### Work instruction
Copy out the data word for word. The images are not part of the copy.

───── Dataset section ─────

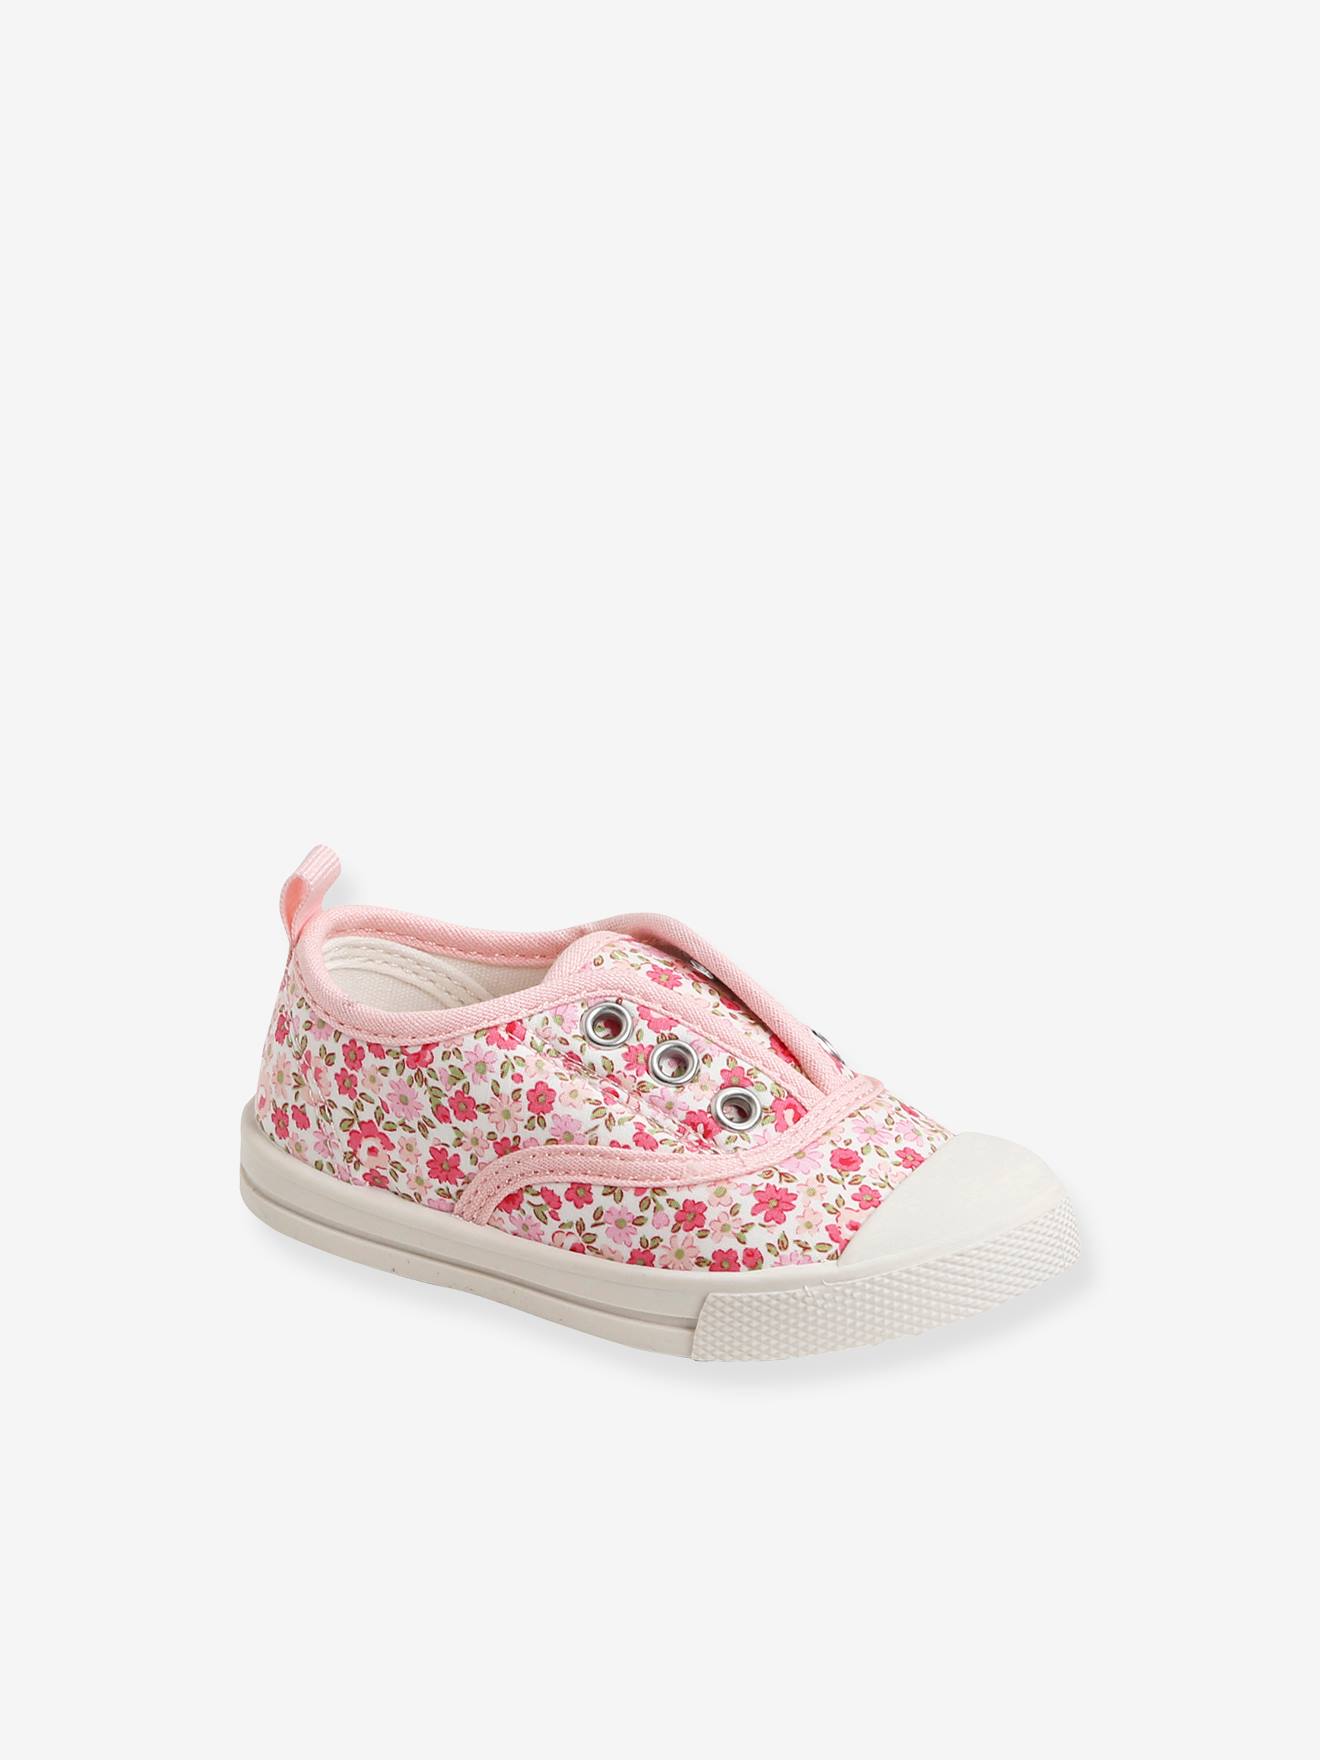 Baby Schuhe Kinder Schuhe  Mädchen Schuhe weiß/rosa bestickt 3-4 Monate 
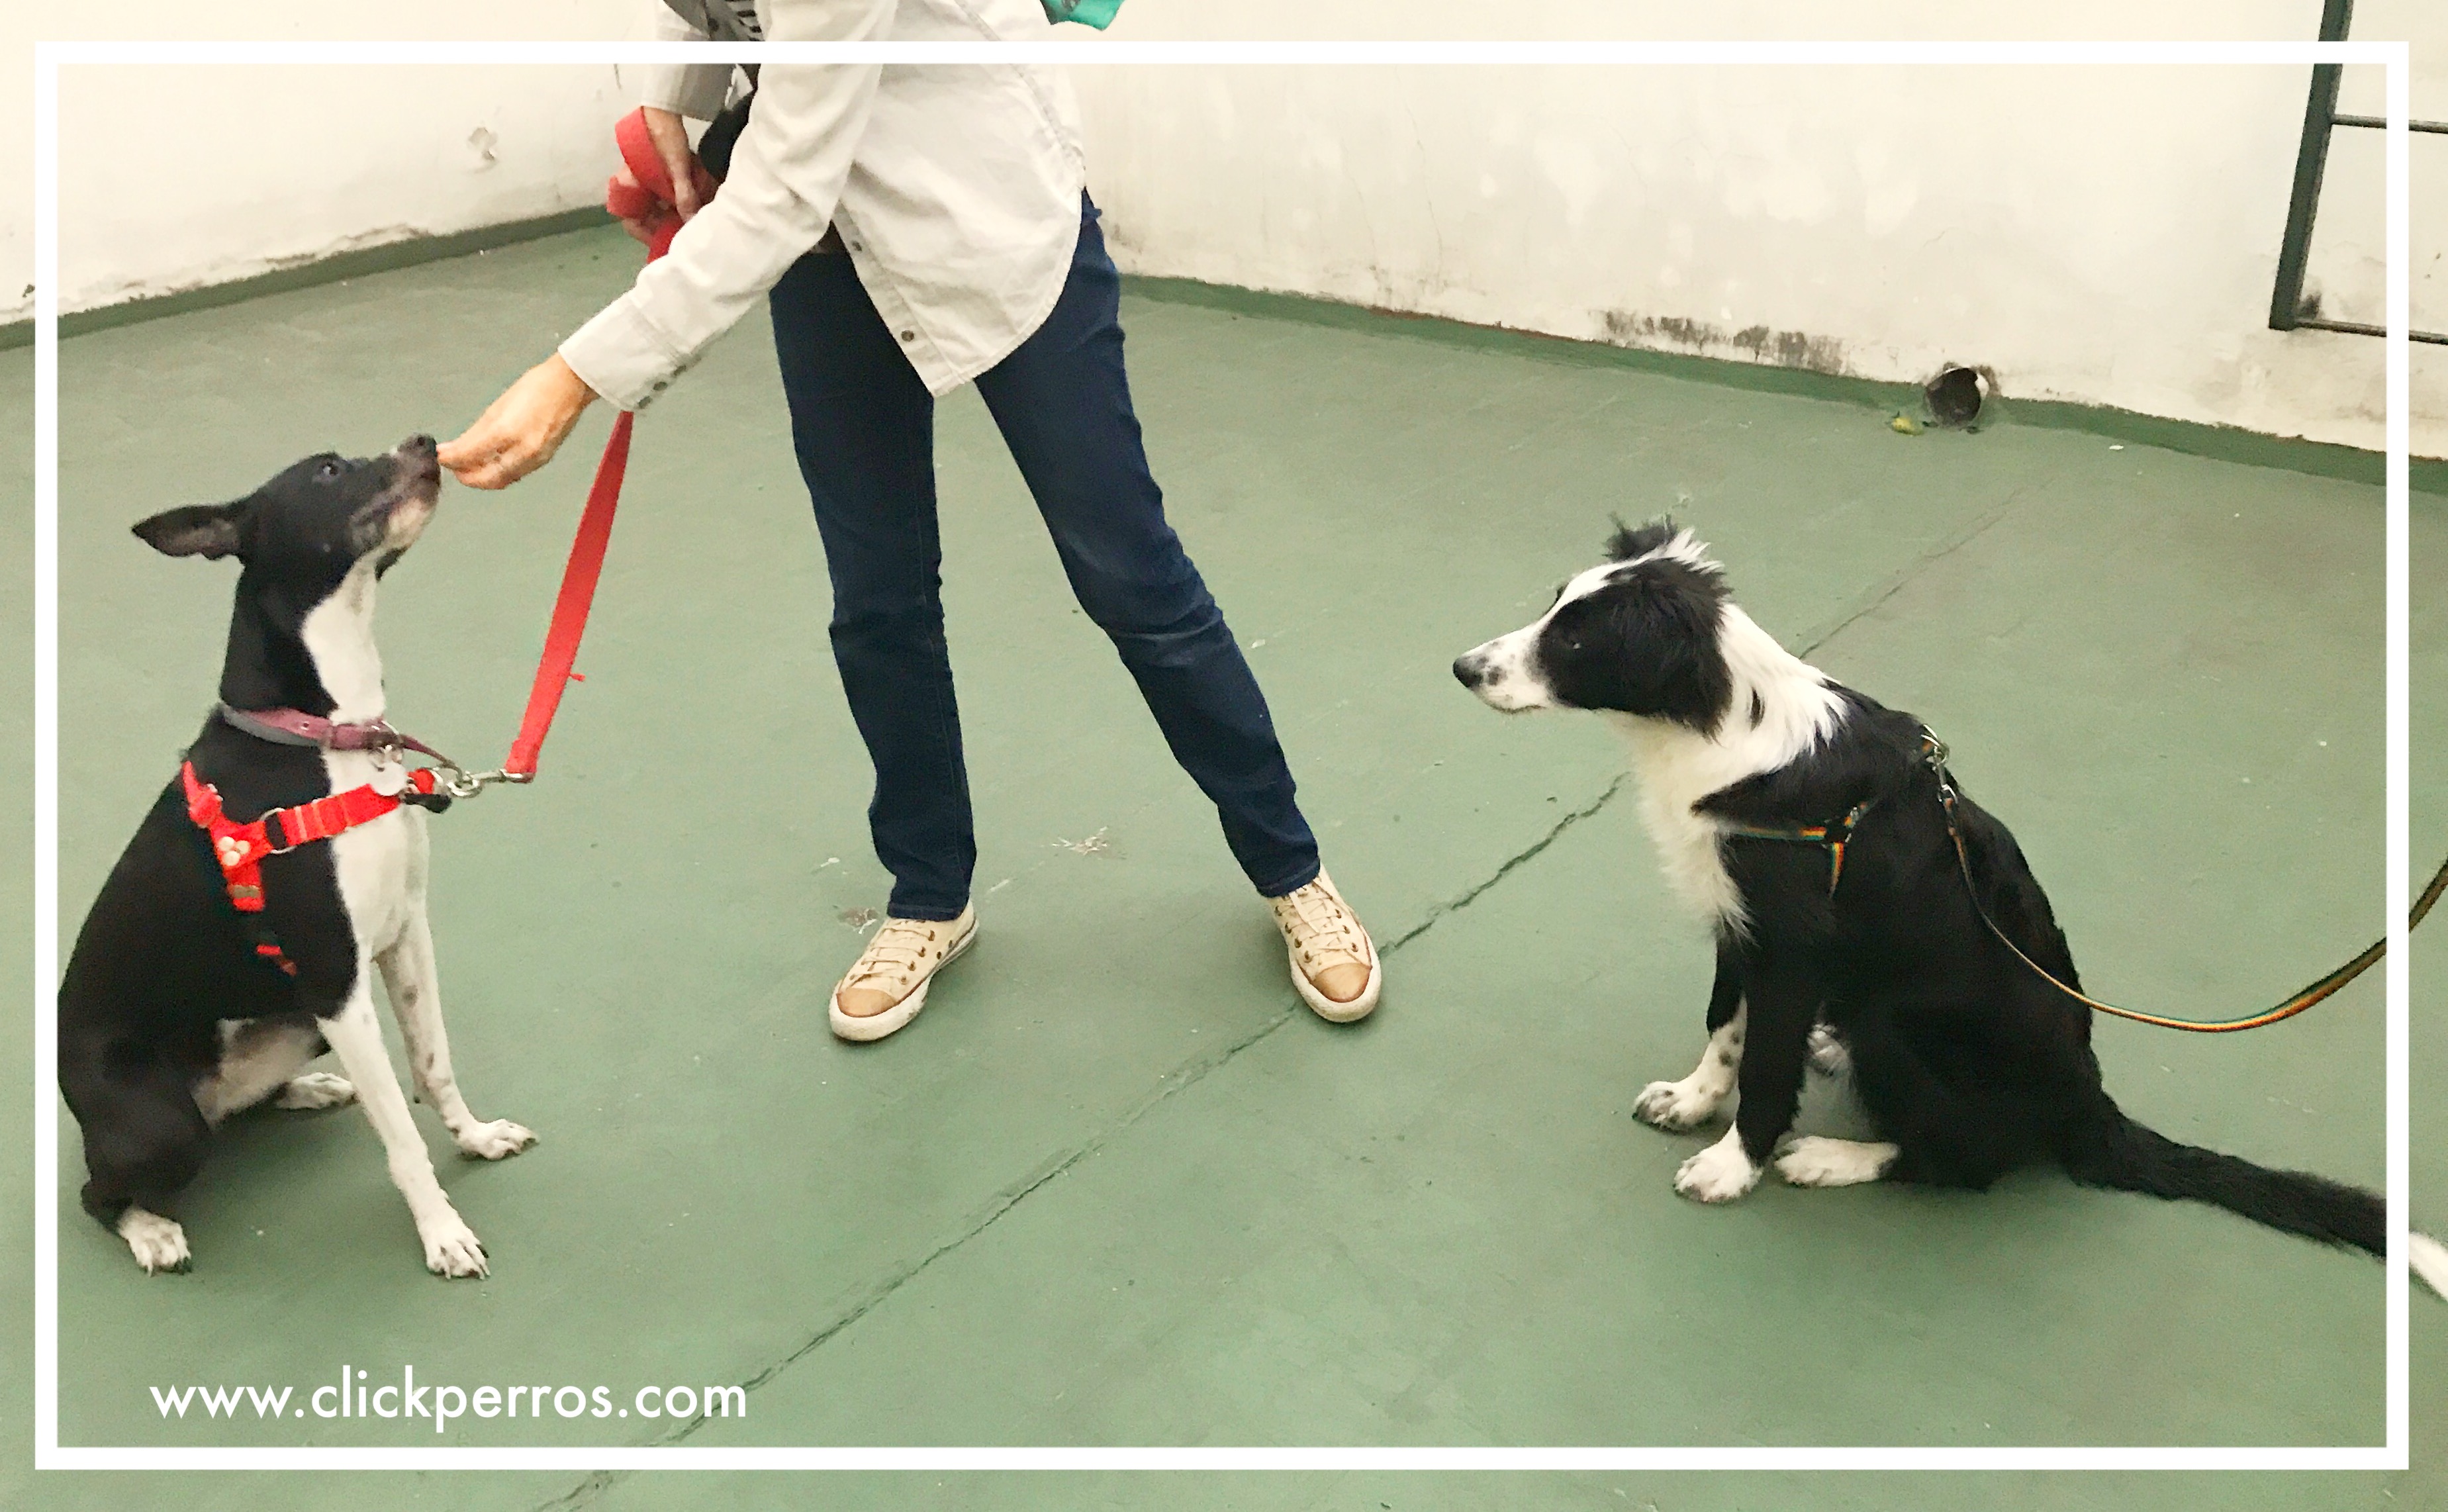 adiestramiento canino con metodos positivos mendoza argentina
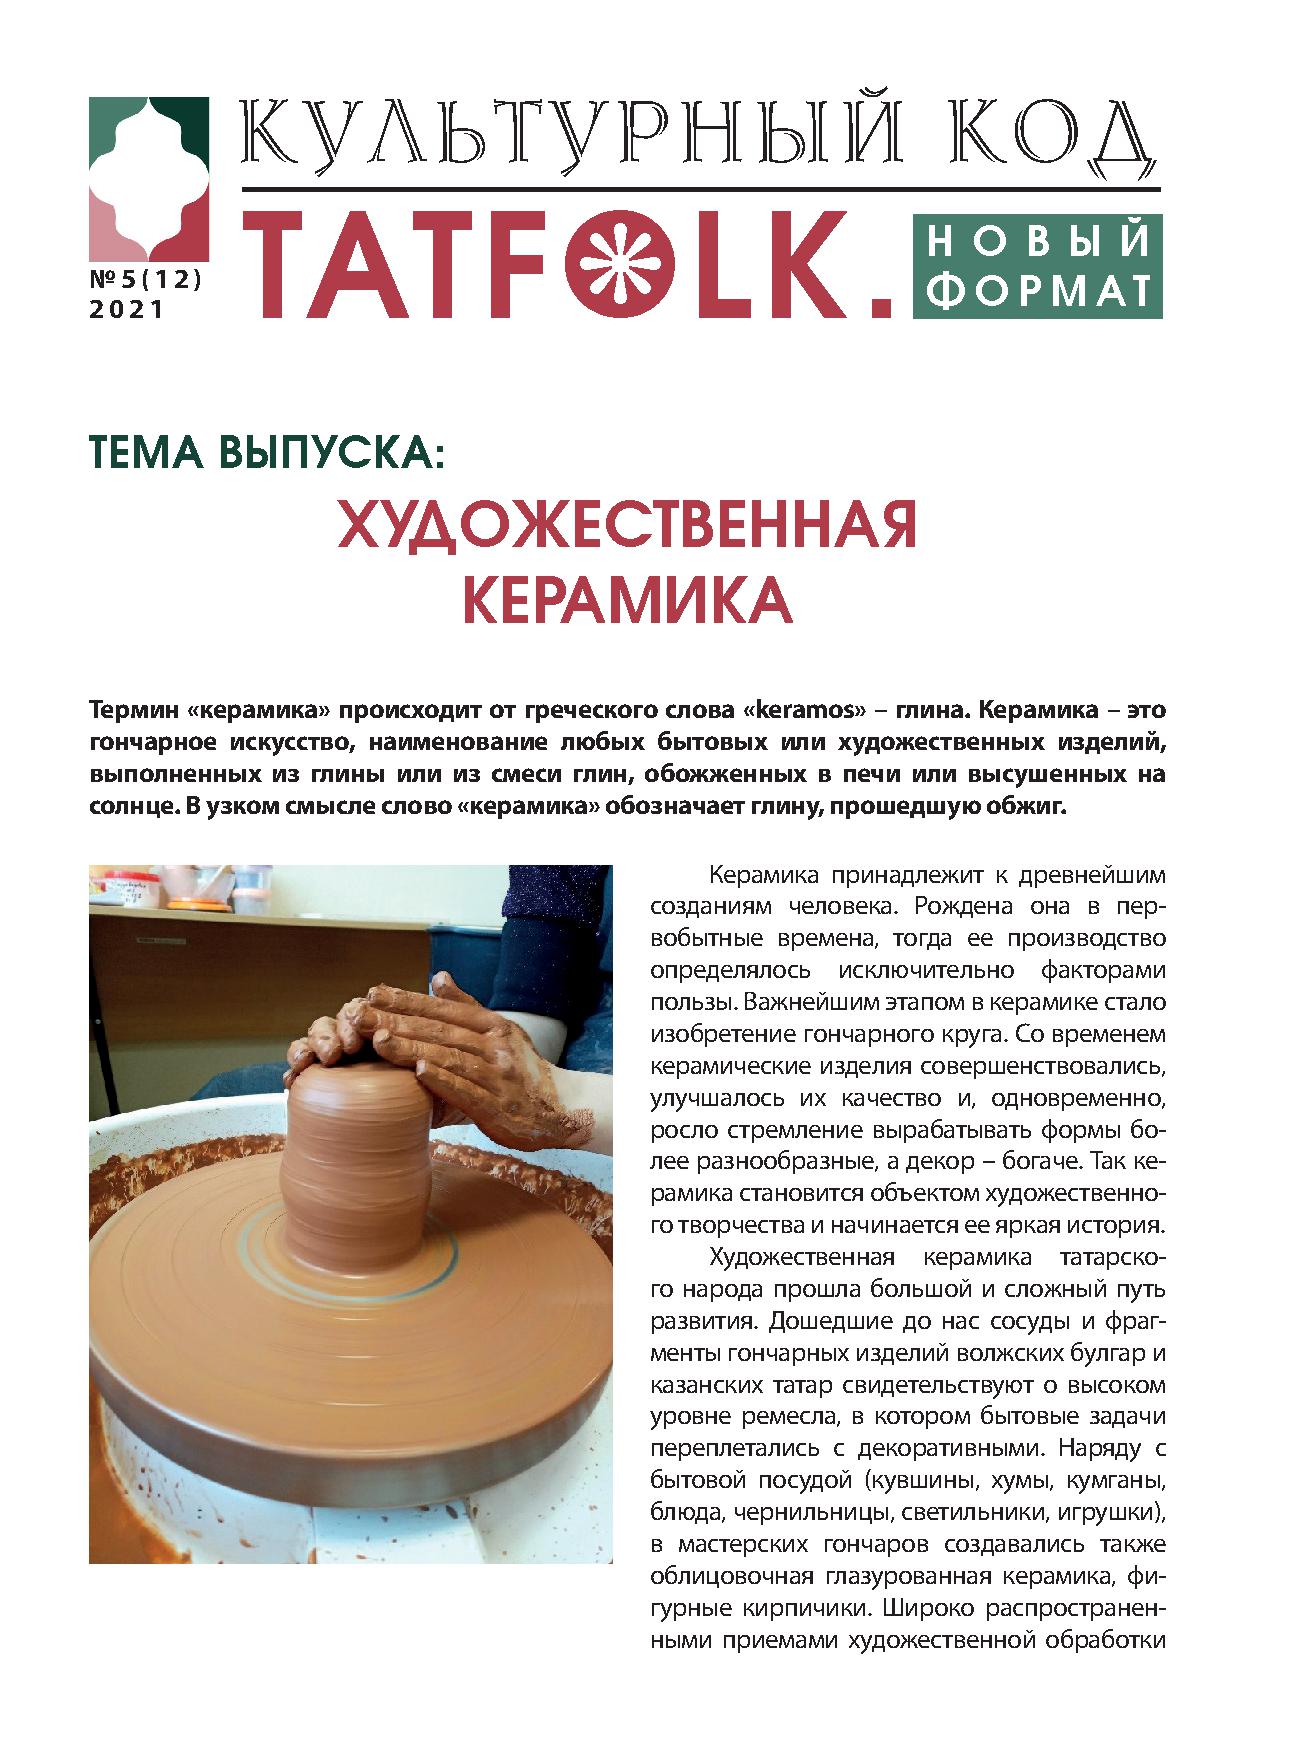 Татарстан: что нужно знать перед поездкой

─────

### The answer
 Baby Schuhe Kinder Schuhe  Mädchen Schuhe weiß/rosa bestickt 3-4 Monate 
 adiestramiento canino con metodos positivos mendoza argentina
 Татарстан: что нужно знать перед поездкой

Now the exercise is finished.